It was a sick thrill of vindication to see the pain crumple Sherlock's face, to watch it mark the porcelain skin with all the sins against John. It felt fantastic and horrible at the same time because that is not how a miracle was meant to look.

"I have a gun Sherlock," the doctor added quietly, studying the floor with a newfound interest which John knew the detective could see through but was a comforting trick none the less.

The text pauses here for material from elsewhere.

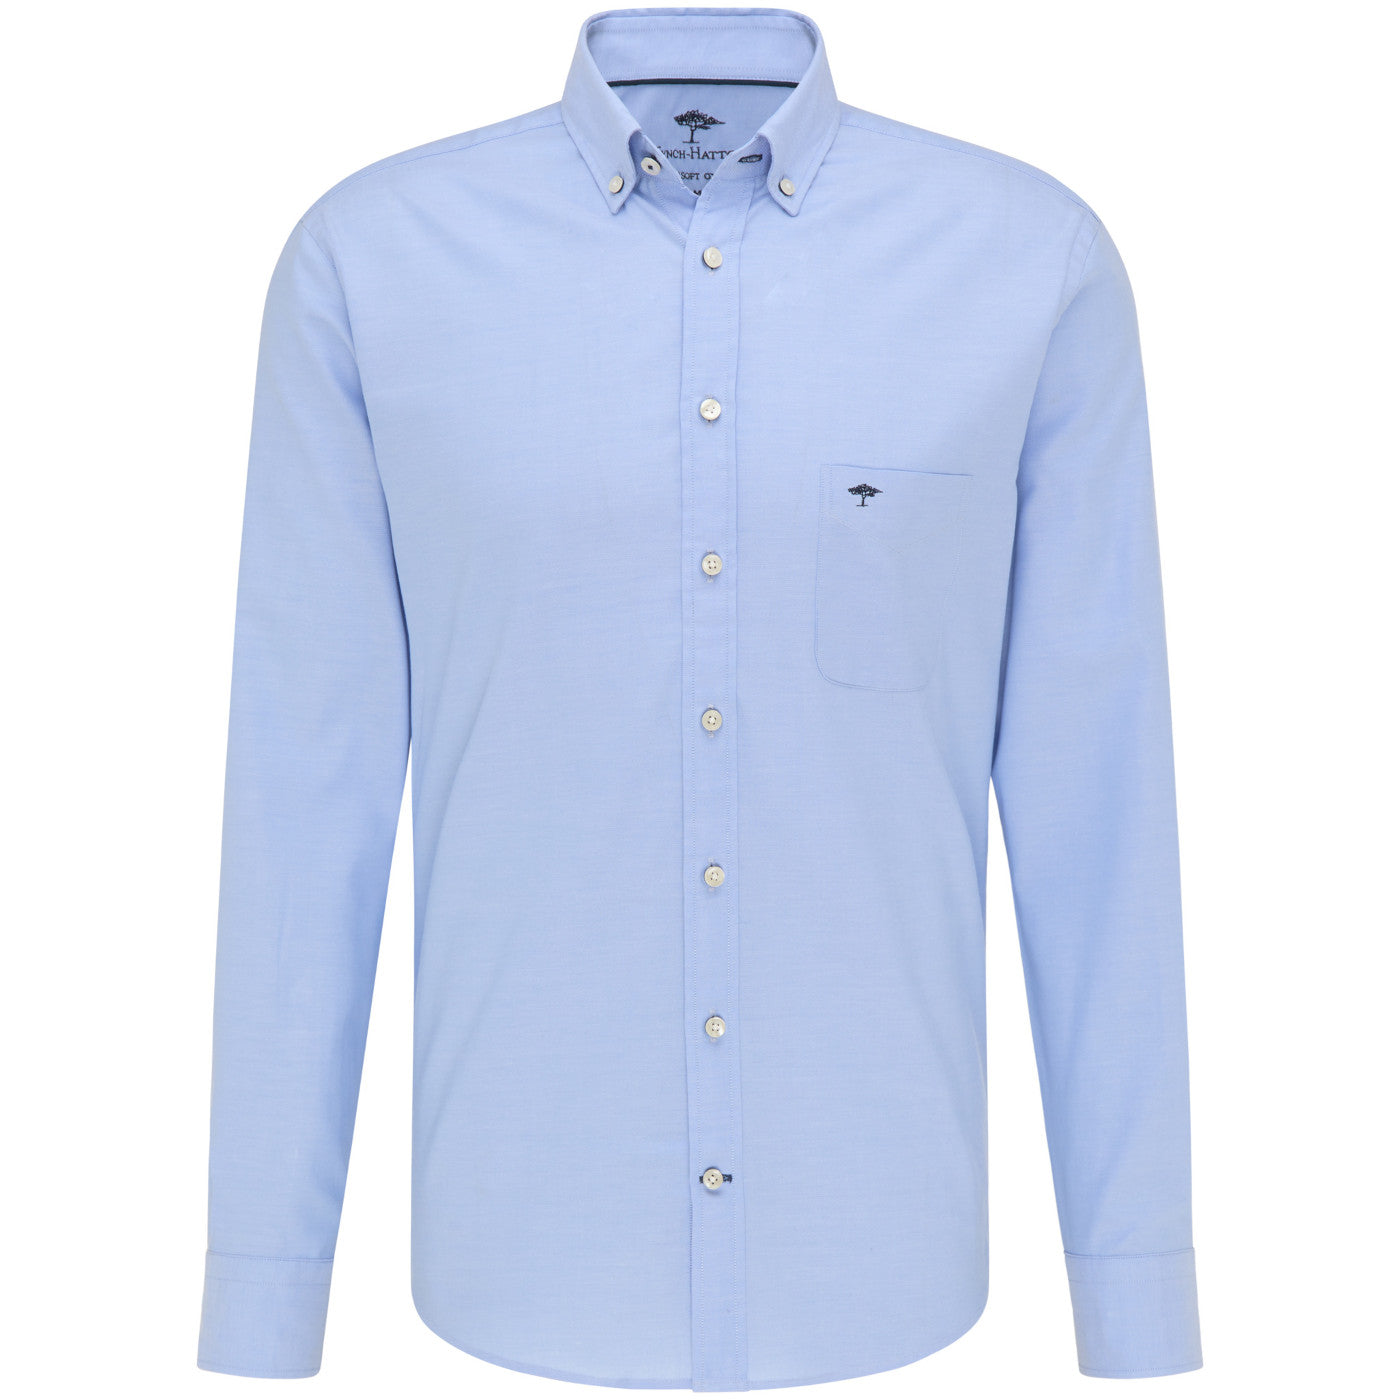 Fynch Hatton 1000 5500 5510 Light Blue Oxford Shirt
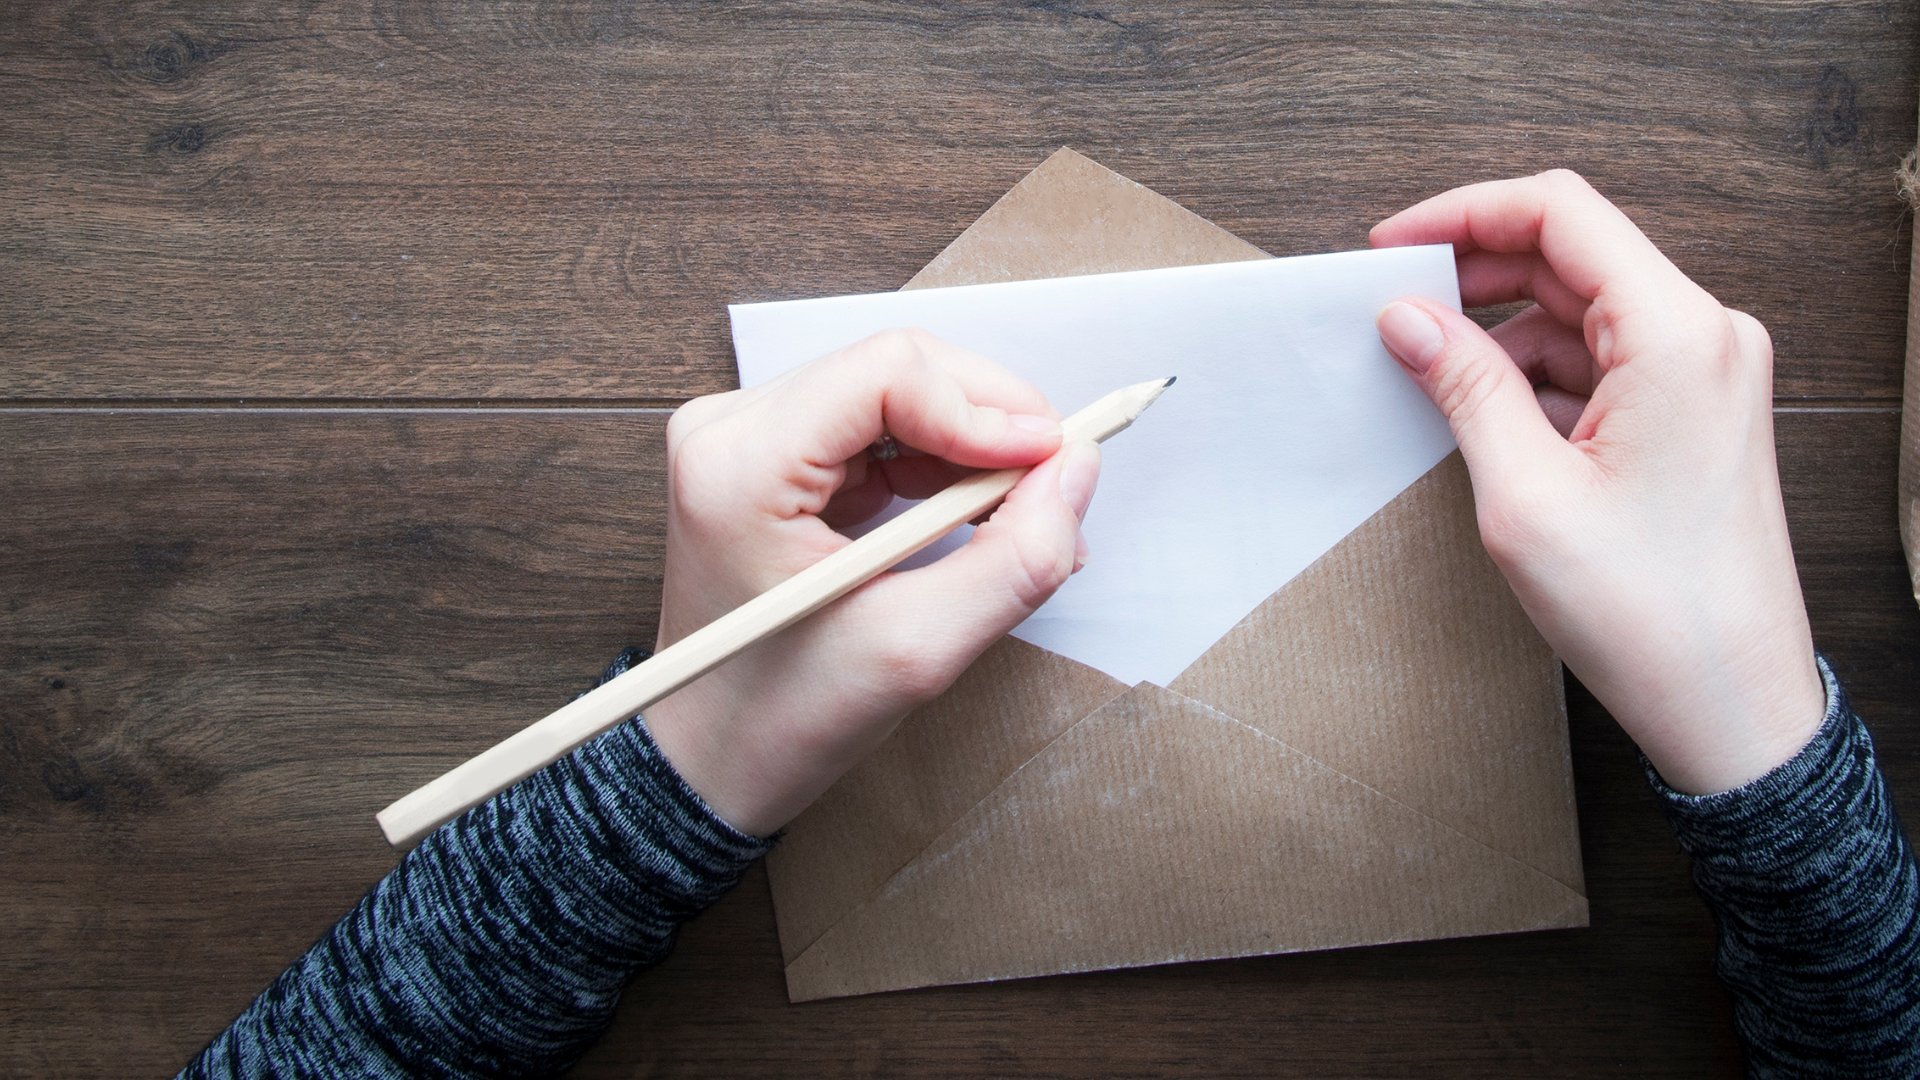 Uma pessoa segurando um envelope de carta. Na carta, propriamente, a mão esquerda dessa pessoa escreve algo com um lápis.

"I have a gun and I would have used it. Bit not good, right? I would have though. It was three years and I couldn't let it go. I couldn't function, I couldn't move on. Three years, Sherlock. So I'd love to hear what you think makes any of this fucking okay. I'd really like to know what made you think I'd be right as rain until you showed up again. If you did at all, hell I don't even know if you'd have come back if I wasn't so fucking desperate," he said with more confidence, eyes glaring into the center of the storm defiantly as if daring the hurricane to deny the sometimes-soldier, sometimes-doctor, sometimes- consulting detective assistant any of it. Curse words and all.

"John…please," if he hadn't been in shock twice now, John would have been from the sight of tears in the corners of Sherlock's not-dead stormy eyes. He almost wanted to suggest plugging up such a leak because it could be a way, the research was still pending.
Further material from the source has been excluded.